Finding the right career path can be challenging for any college student. Internships are designed to make the journey of finding the right job a little easier.

How do you know that you are on the right career path? What does a typical day look like?

These are all questions to consider when looking at your future career path.

Internships are not just for college seniors; internships can be an eye-opening experience for any grade level. It allows students to check out potential career opportunities while learning new skills along the way.

Many students leave an internship with added knowledge of the career and know more about themselves.

Rachel Holtmeyer has had two internship experiences. Her first internship was at the Adams County State’s Attorney Office. While there, she was able to read and review cases and sit in on court hearings. Holtmeyer is currently interning for the Adams County Public Defender’s Office. She says is learning a lot about communication skills by working with her supervisor and with offenders.

 “It’s so different than what you would imagine and getting that firsthand experience in working with professionals; it is just so beneficial, and you learn so much from being there and being hands-on,” Holtmeyer said.

Internships let student put their classroom knowledge and schoolwork to the test.

“I find myself saying, oh, we did that in professor Abbott’s class, or she taught me that. Then it’s very cool to apply some of those things to what I’m doing at my internship and be like yes, I can do this. I know this information, and what I am learning does apply to the real world,” Holtmeyer said.

Finding an internship that interests you is a significant first step to any career goal. The good thing about internships is that they help you decide if you are heading on the right path. Once you start engaging with employers within your specific field, you might realize that this path is not for you.

Aloysius Cooper is currently interning at the Adams County State’s Attorney office. Cooper is a forensic psychology major but has taken a lot of criminal justice classes.
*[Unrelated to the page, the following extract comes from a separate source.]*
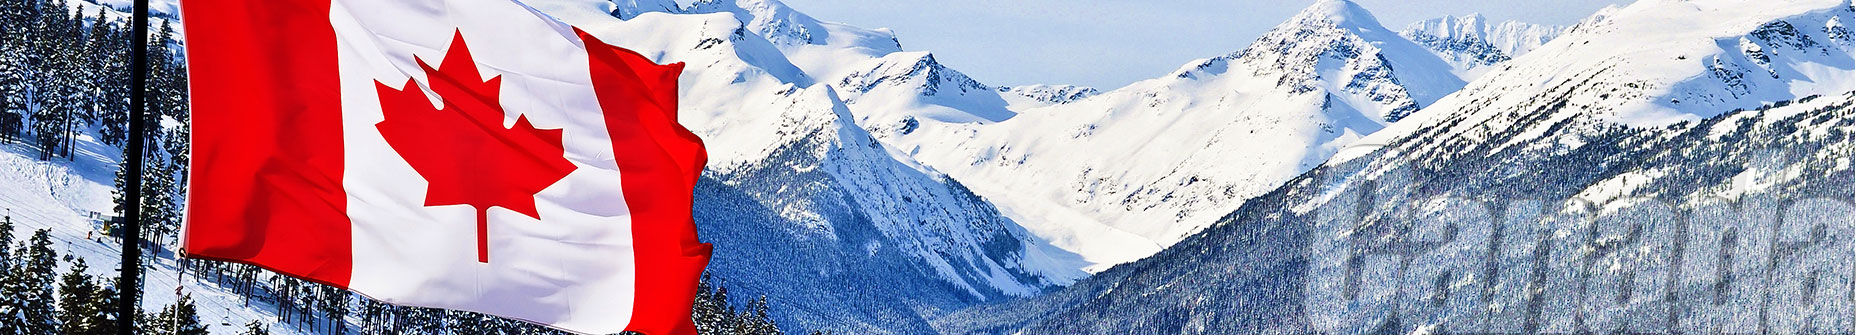 canada-panoramatop.jpg

Even though his internship is geared towards criminal justice, Cooper is still enjoying going to court and learning how lawyers work.

 “I am enjoying seeing and hearing things that I have learned in my criminal justice classes in action. I also get to see how lawyers and state’s attorneys actually work versus how they are portrayed on TV,” Cooper says.
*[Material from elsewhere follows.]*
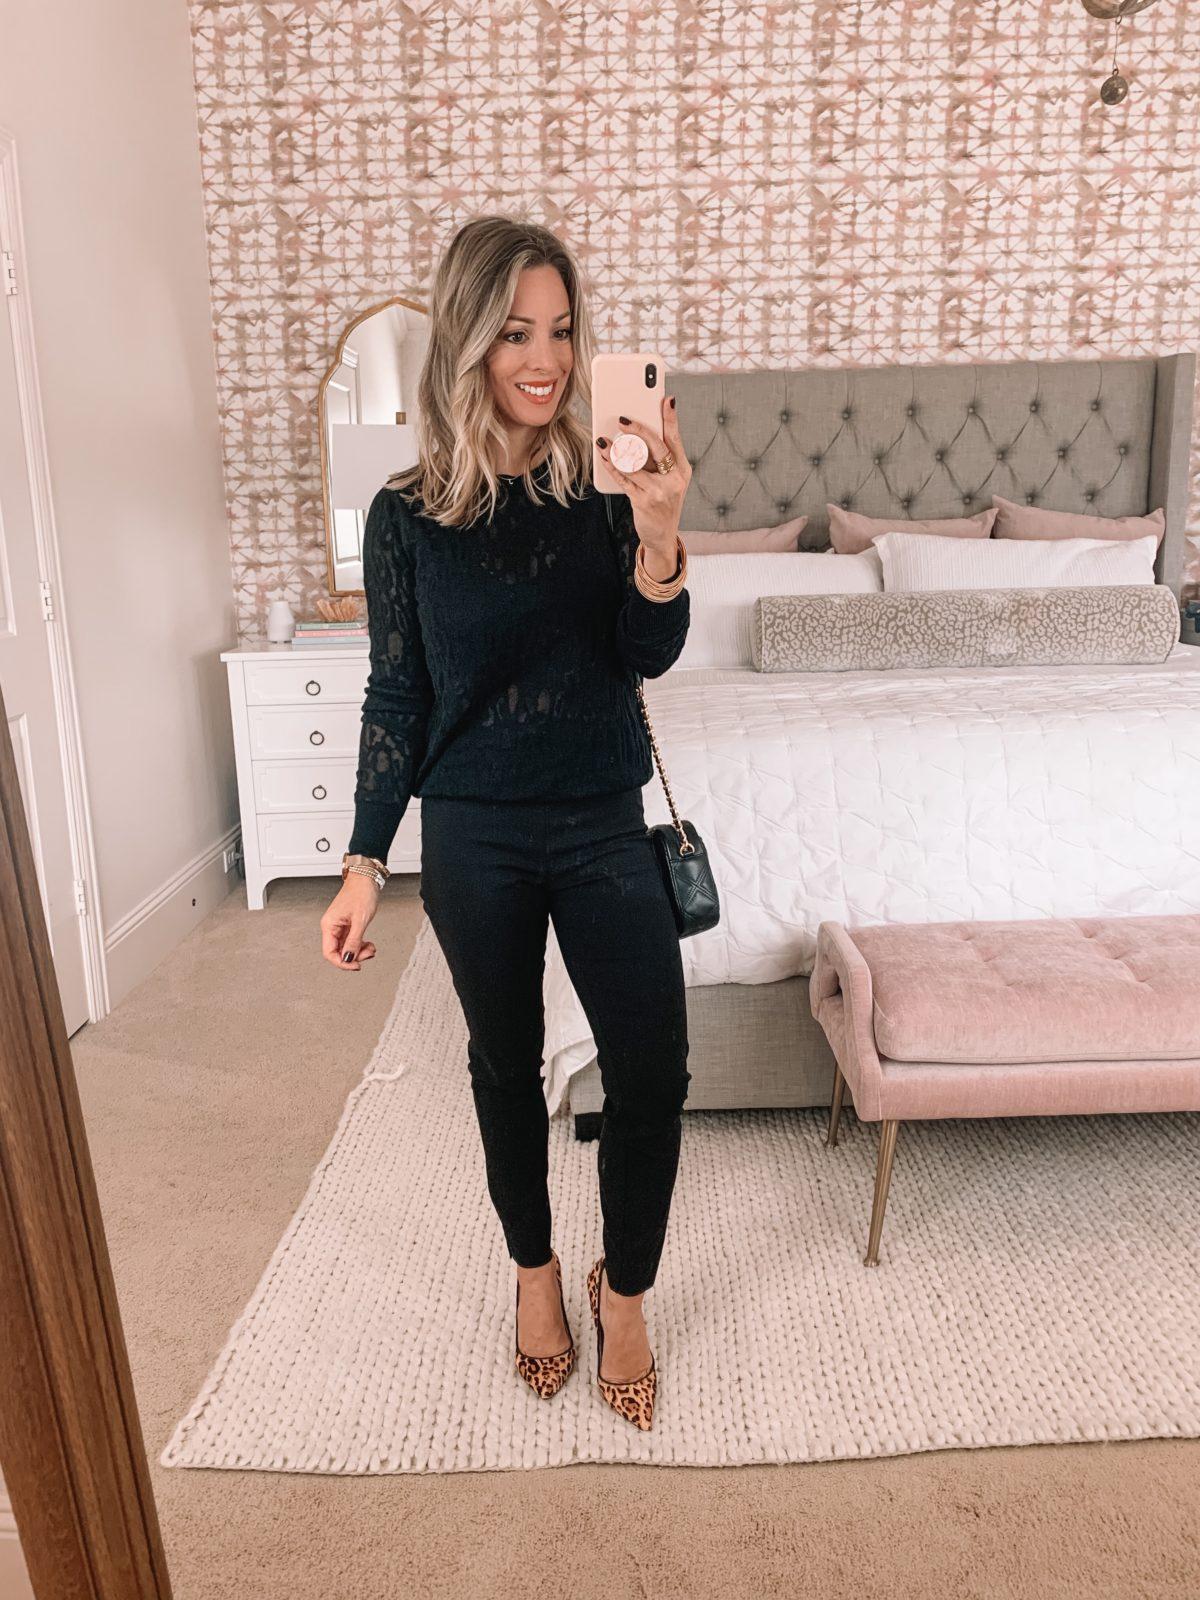 Dressing Room Finds Nordstrom, Sweater, Black Pants, Leopard Heels, Crossbody

The QUEST Center is where students can find, and apply for, internships.

Kristen Liesen is a resource for help in finding internships and getting help to fill out the necessary paperwork. Since Liesen has been at Quincy University, she has seen fascinating student internships.

Liesen says she’s placed students in internships working for the FBI, Washington University Research Lab, and the Washington D.C. internship program.

Internships are a requirement for some majors including psychology, criminal justice, and sports management.

Erin Enger, a sports management major, had an internship with the men’s basketball team and athletic department for game day operations.

Enger gave advice for upcoming interns.

“Start early, and don’t wait until the last minute,” Enger said.